Are you sure about that, none of them are trained? Not a single one of the hundreds of thousands of people across the world, giving vaccines, know what they are doing?
That's not what I said and you know it. I said they were not all trained nurses. They're taking volunteers and showing them what to do. I saisd that one of the ones who 'did' me hadn't any idea about aspiration.
The 3 that have vaccinated me all seemed extremely competent.

But, if some still need more convincing that vaccines are safe ....

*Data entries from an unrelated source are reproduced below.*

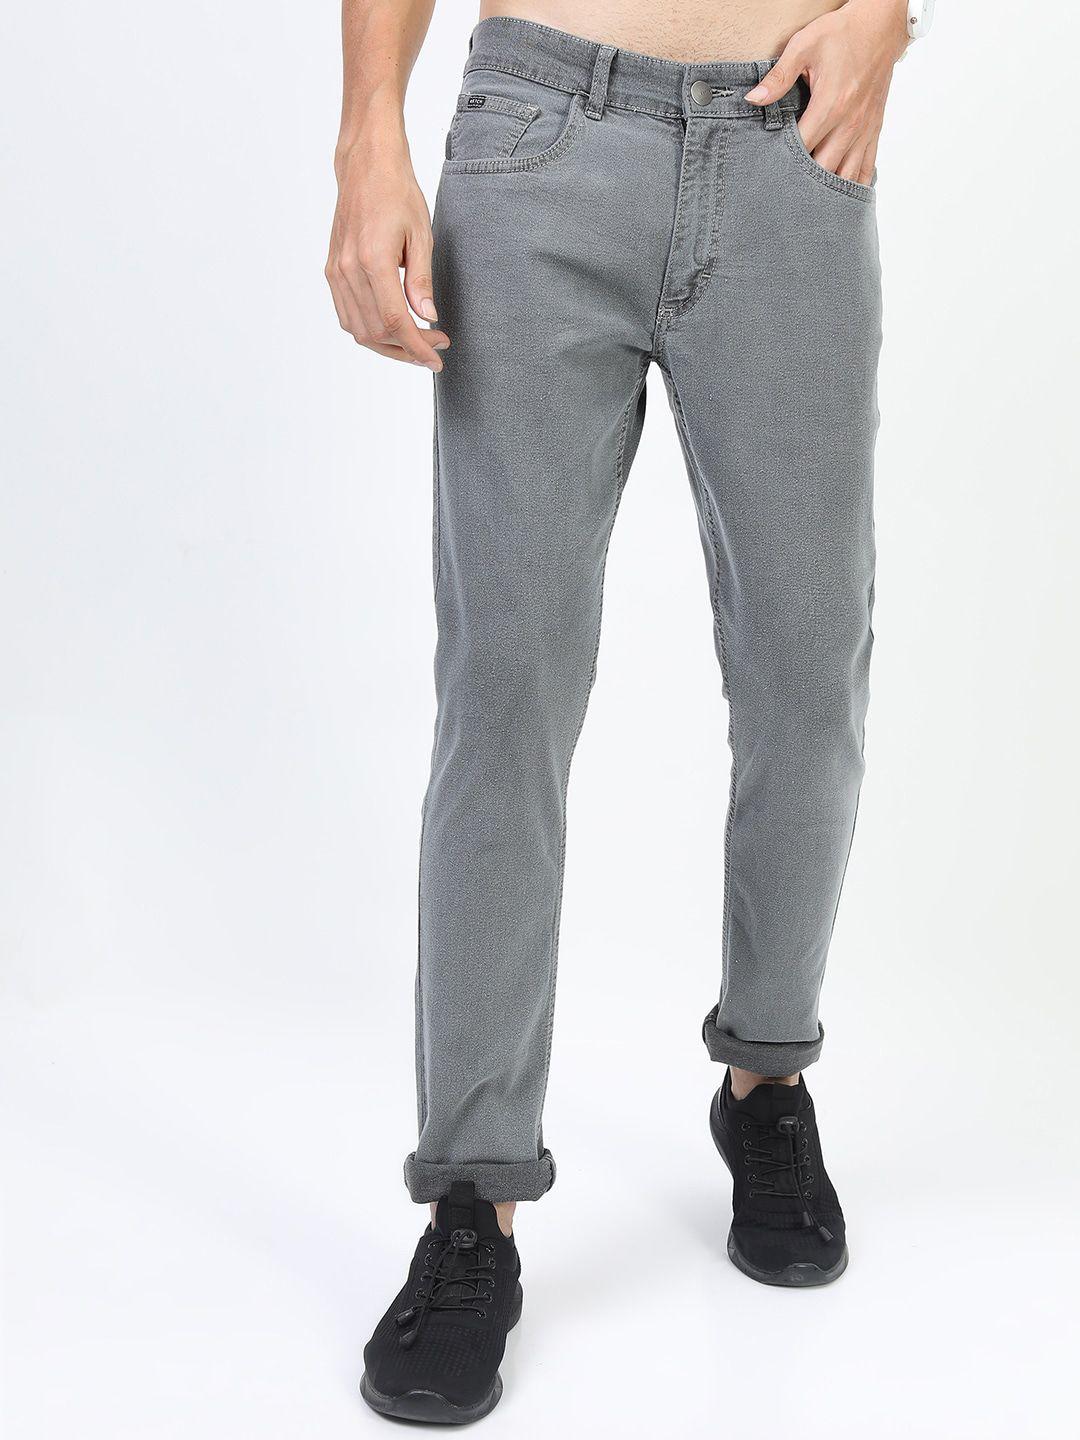 ketch men grey slim fit clean look stretchable jeans
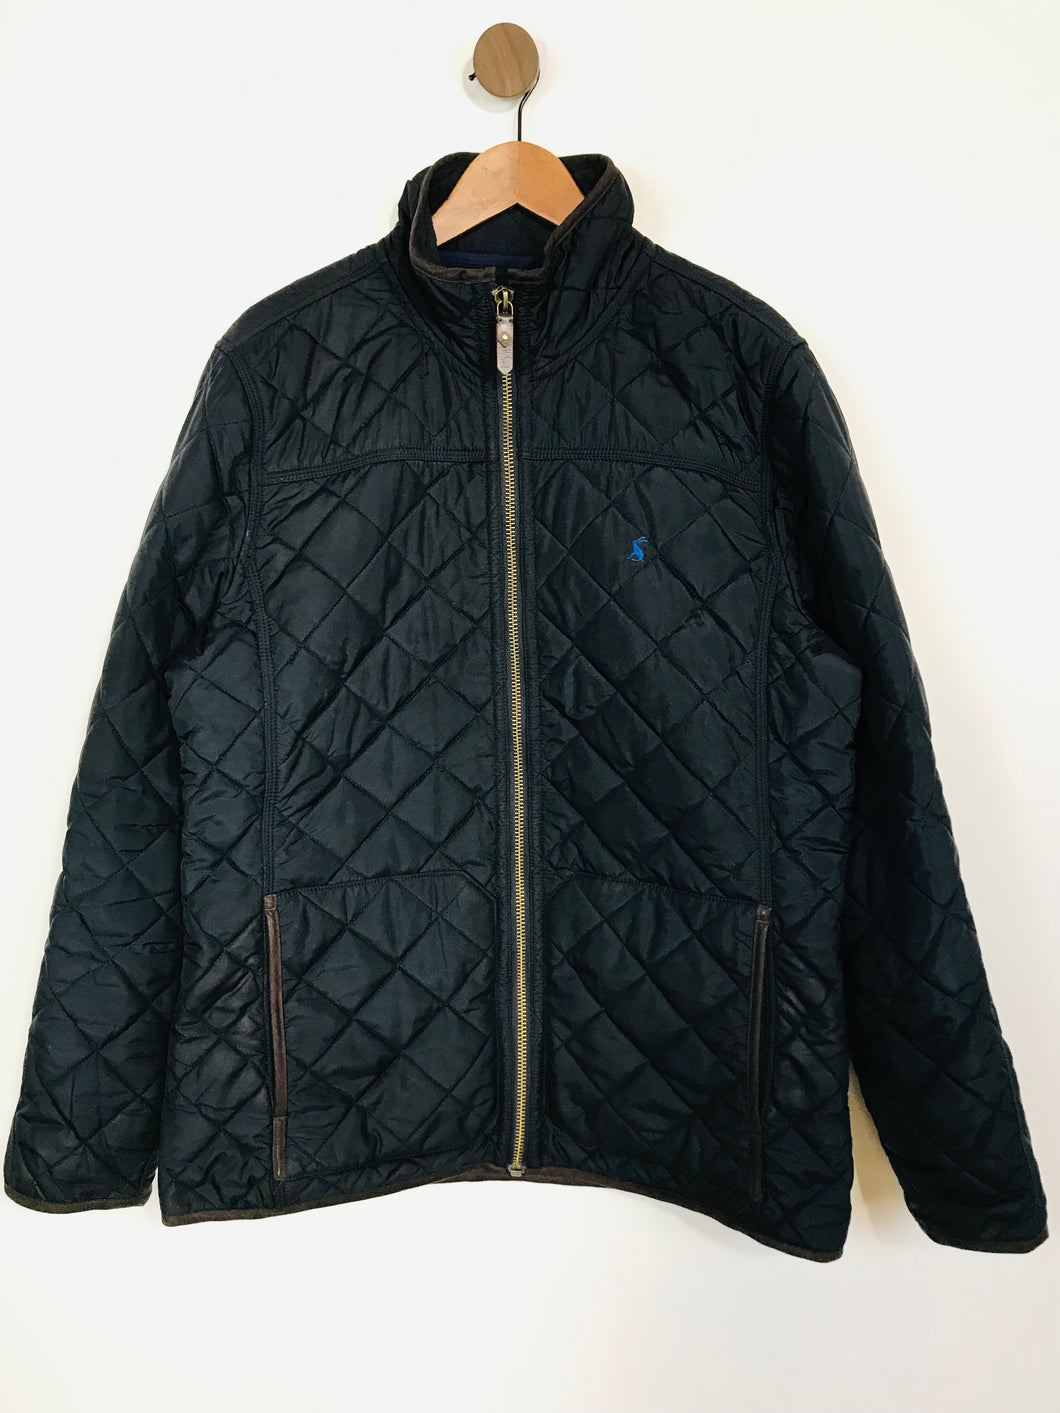 Joules Men's Fleece Lined Quilted Jacket | L | Black
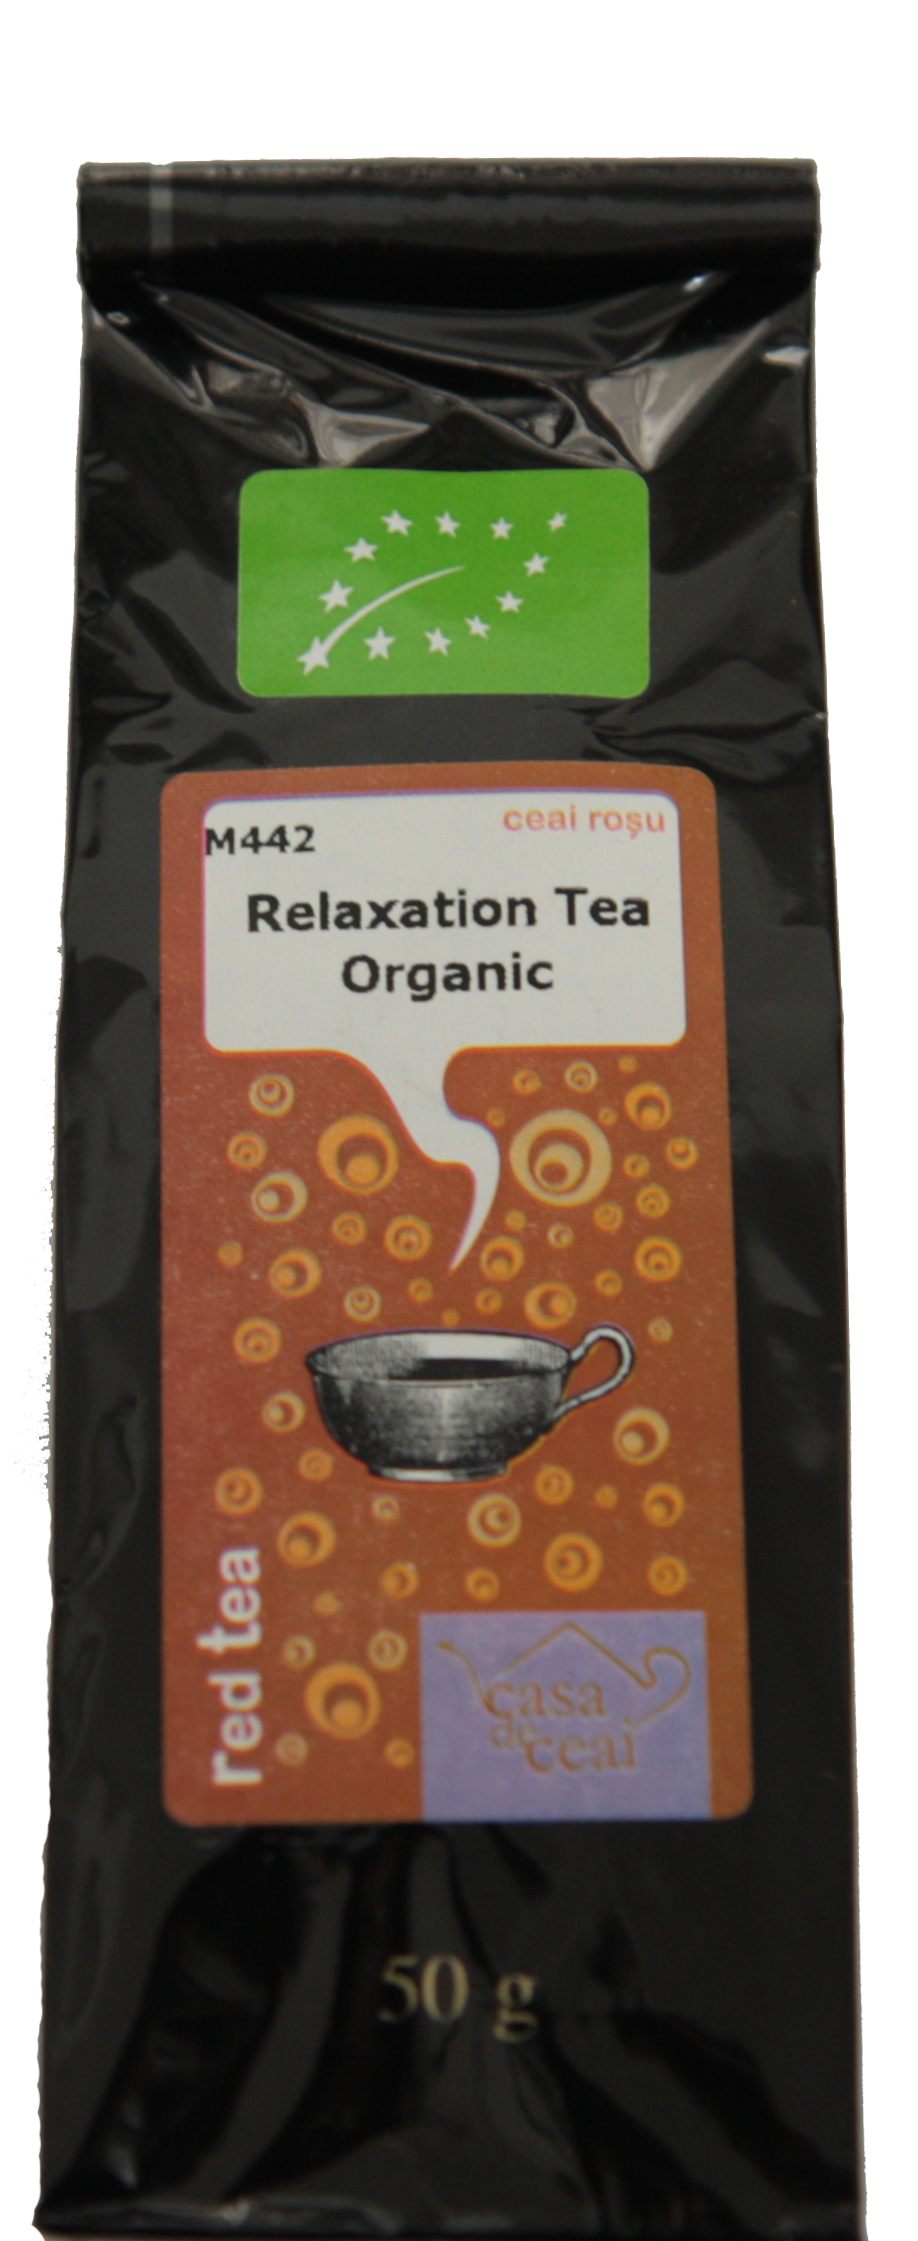 M442 Relaxation Tea Organic | Casa de ceai

Blood vessels, (ie not veins or arteries, which are not found in the upper/outer deltoids where injections are given), are smaller than the needle, so it is not possible to accidentally stick the needle into a tiny blood vessel. This part of the body is chosen for intramuscular injections because it is so suitable for them - it's not for the convenience of the person giving the vaccine. Refer back to the diagram I shared earlier.
The diagram doesn't have blood vessels. You're incorrect - ask a nurse whether any of their aspirating ever pulled up blood. They'll say yes. You'll also find descriptions about where the aspirating fails even though you're in/near a vein. The pressure inthe liquid is high - you don't have to be neatly puncturing the side of a large vessel. Campbell originally showed a drawing with blood vesels in from Gray's anatomy, and he had another source as well.
Anybody here had a BCG injection? Remember that - jabbed in the arm. Every boy in school. We survived.
Not a particulate vaccine. Irrelevant.
With regards to increase in heart problems, this was discussed in the thread about athletes having heart attacks - exposure to coronavirus, and long covid, has been shown to cause long-term heart issues. We can't just blame the vaccine, that is saving millions of lives now, for heart issues, when we already know that coronavirus can cause the same problems. Maybe covid cases were higher in the country that was mentioned above (I've forget again, Sweden, Denmark ... ) - there could easily be another explanation for differences in the data.
Any vaguely competent scientific work looks at all that. The prof in the talk is saying yes it's all statistically sound. But it wasn't.
 
I said they were not all trained nurses.

No, you said "remember, they aren't trained nursed giving the boosters"

"showed a drawing with blood vesels in from Gray's anatomy" - while Gray's anatomy was ground-breaking in medicine at the time, I am not sure using a 1858 text (and diagrams) is really sensible in 2021, is it?